I wonder why not reimplement coreutils as library functions, to be used within an ad-hoc REPL. It would be much more flexible and extensible.
AFAIK, originally the reason why they were made as programs was that the available programming languages were too cumbersome for such use. Now we have plenty of experience making lightweight scripting languages that are pleasant to use in a live environment (vs premade script), so why give up the flexibility of ad-hoc scripting?
what if it were written as a library, with the traditional cli implementation as a thin layer over it?
I'm thinking about the wider FOSS ecosystem, for example if Firefox was built as a gui gluing together a modular collection of libraries people could do all sort of cool things with them.
Monolithic applications make sense for proprietary software, not so much for FOSS.
You're proposing abandoning the Unix/Posix standards and philosophy in favor of an untested strategy.
"Move fast and break things" makes sense for acquiring investors, not so much for core infrastructure that everyone everywhere depends on.
This could work, but you'd need at least a decade of widespread usage to work out all the problems before it would even be worth considering for core infrastructure tools.
Why would that be relevant if the thin wrapper is fully compliant with the POSIX/GNU standards?
Busybox with it's single binary, depend-on-arg[0]-hack implantation was at one point an "untested strategy", yet look at it now. Rust's Coreutils need to offer a real uvp if they want to see real adoption. Providing coreutil as a library and not forking processes would certainly qualify as that.
If stability is a concern, exposing a greater surface for user interaction would surely slow down development as these interfaces would have to be reworked with care.
If stability is not a concern, then any user tools built upon these interfaces would be subject to breakage at the rate of upstream development.

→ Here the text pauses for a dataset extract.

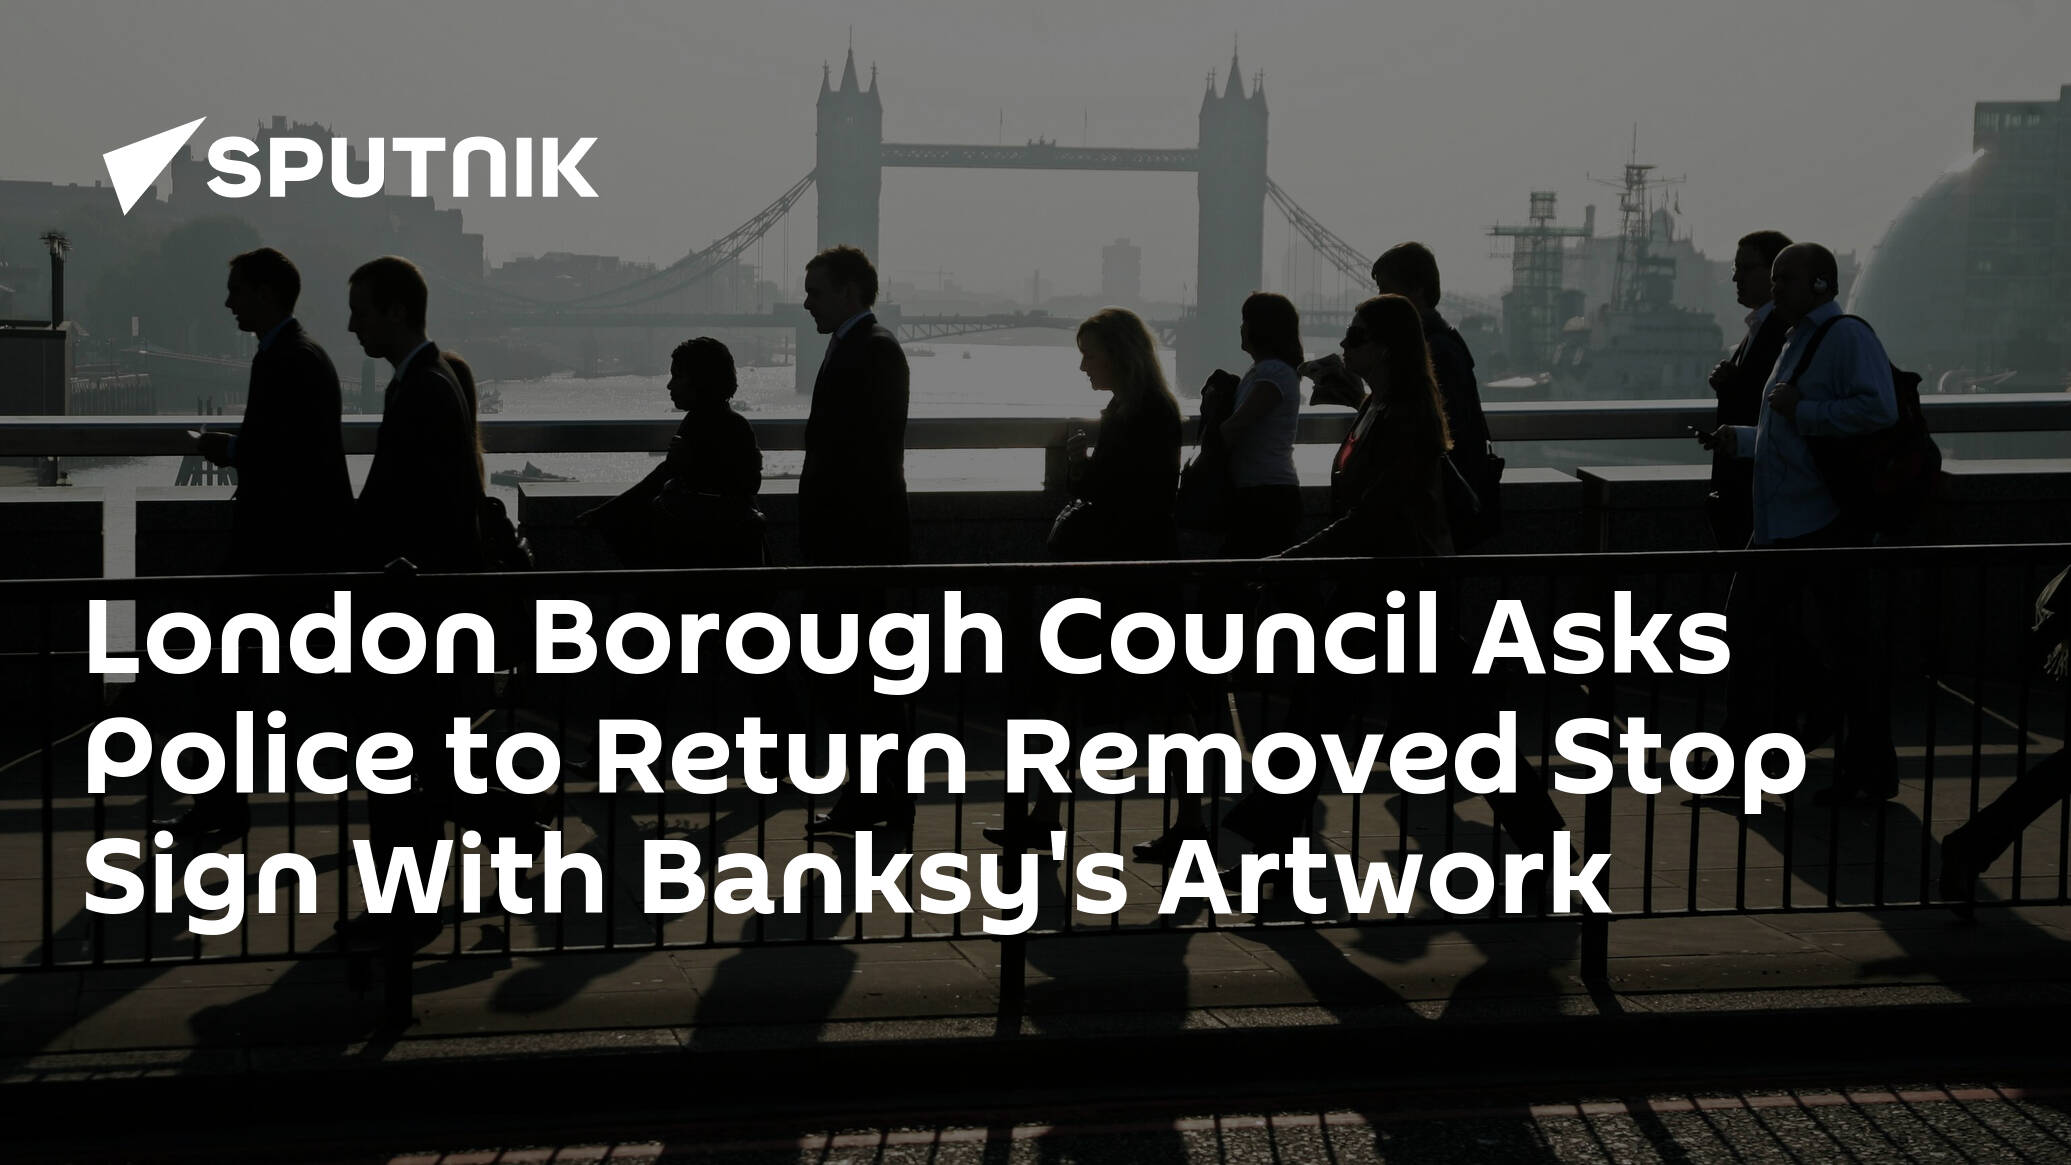 London Borough Council Asks Police to Return Removed Stop Sign With Banksy's Artwork

That’s got to be frustrating.
One of the nice things about the POSIX command‐line interface is that the build systems that interact with them know what to expect, because the interface has been much the same for a very long time, while still providing hugely useful capability.
As stable as, say, golang's standard library.
Sure, it needs upfront thinking and commitment, but it's not that difficult and might be well worth it.
In the case of coreutils, the problem space is fairly simple and well-understood, so it should be quite easy to commit to a stable interface. Even for something exceptionally complex like a web browser, I'd expect most components to be easily kept backwards-compatible in terms of public api.
> As stable as, say, golang's standard library. Sure, it needs upfront thinking and commitment, but it's not that difficult and might be well worth it.
That's actually far less stable than is needed for core utils.
> what if it were written as a library, with the traditional cli implementation as a thin layer over it?
That's kind of the way it is. Most of the core utils are thin wrappers around C libraries.
- - - -
It sounds like you're thinking of things like the Oberon OS, where there were no separate applications, instead the system was extended by adding new commands to a unitary GUI. Or the Canon Cat.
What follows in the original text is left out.